Treatment begins with treatment of the underlying disease. The prescription of miotic drugs is carried out in the absence of newly formed vessels in the iris. Their presence indicates the need to recommend instillation of solutions of adrenaline, clonidine, optimol, and corticosteroids. Medications that promote the resorption of hemorrhages are prescribed: local instillation of a 3% solution of potassium iodide, a 0,1% solution of lidase, lidase and vitreous are prescribed intramuscularly.

LECTURE No. 27. Cataract

Cataract - partial or complete clouding of the substance or capsule of the lens with a decrease in visual acuity up to its complete loss. There are primary and secondary cataracts, acquired and congenital. Congenital cataracts can be hereditary or result from intrauterine developmental disorders, such as infections in the mother, such as rubella, etc.

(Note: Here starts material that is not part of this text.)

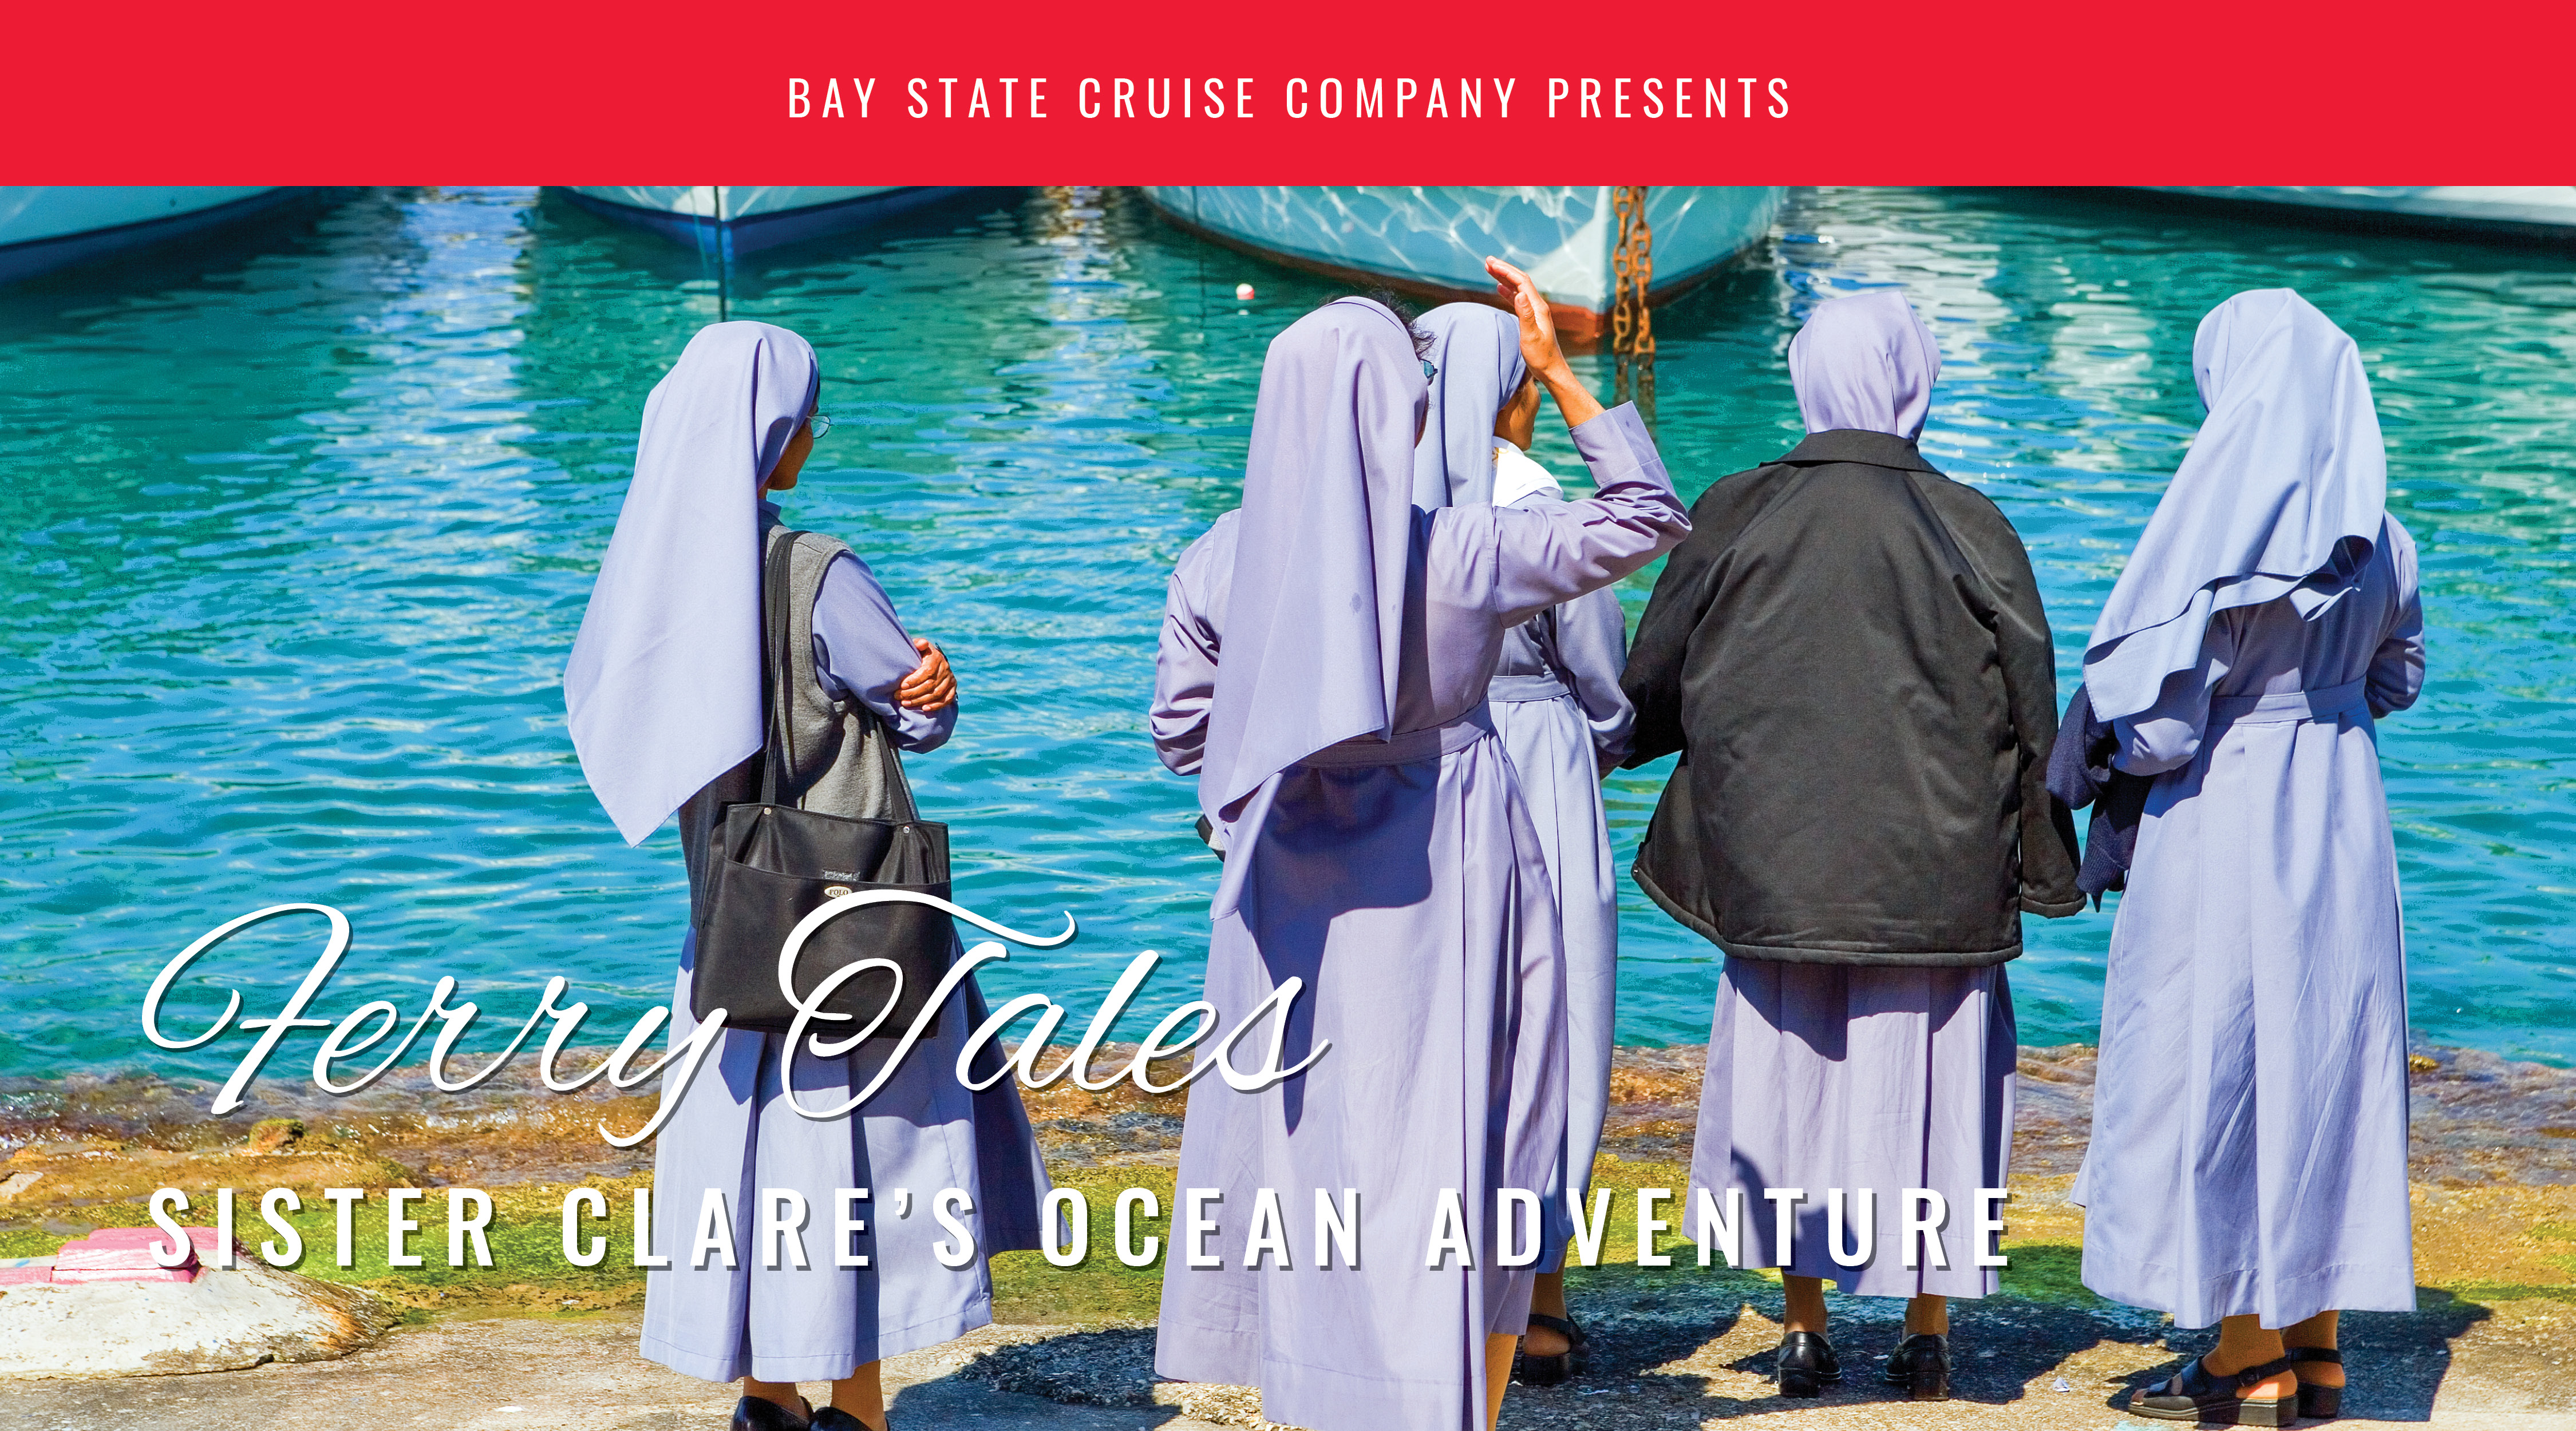 Sister Clare's Ocean Adventure

Etiopathogenesis and pathological anatomy. Depending on the etiological factor, several groups of cataracts are distinguished: senile, traumatic, complicated, radiation, toxic and metabolic.

The mechanism of development of age-related cataracts is multifactorial and is not yet fully understood. With age, the mass and thickness of the lens increase, and its refractive power decreases. The nucleus of the lens is compressed by new layers of fibers forming concentrically and becomes harder. As a result, the transparency of the lens is sharply reduced. Chemically altered core proteins gradually stain. With age, the lens takes on shades from yellow to brown.

A blunt, non-penetrating wound can cause clouding of the lens, affecting part or all of it. The initial manifestation of a contusion cataract is often a stellate or rosette-like opacification, usually located in the center of the lens, where the back of the lens is involved. Rosette-shaped cataracts can progress to complete opacification. In some cases, the lens capsule ruptures with blunt trauma, followed by swelling of the lens fibers, resulting in clouding of the lens.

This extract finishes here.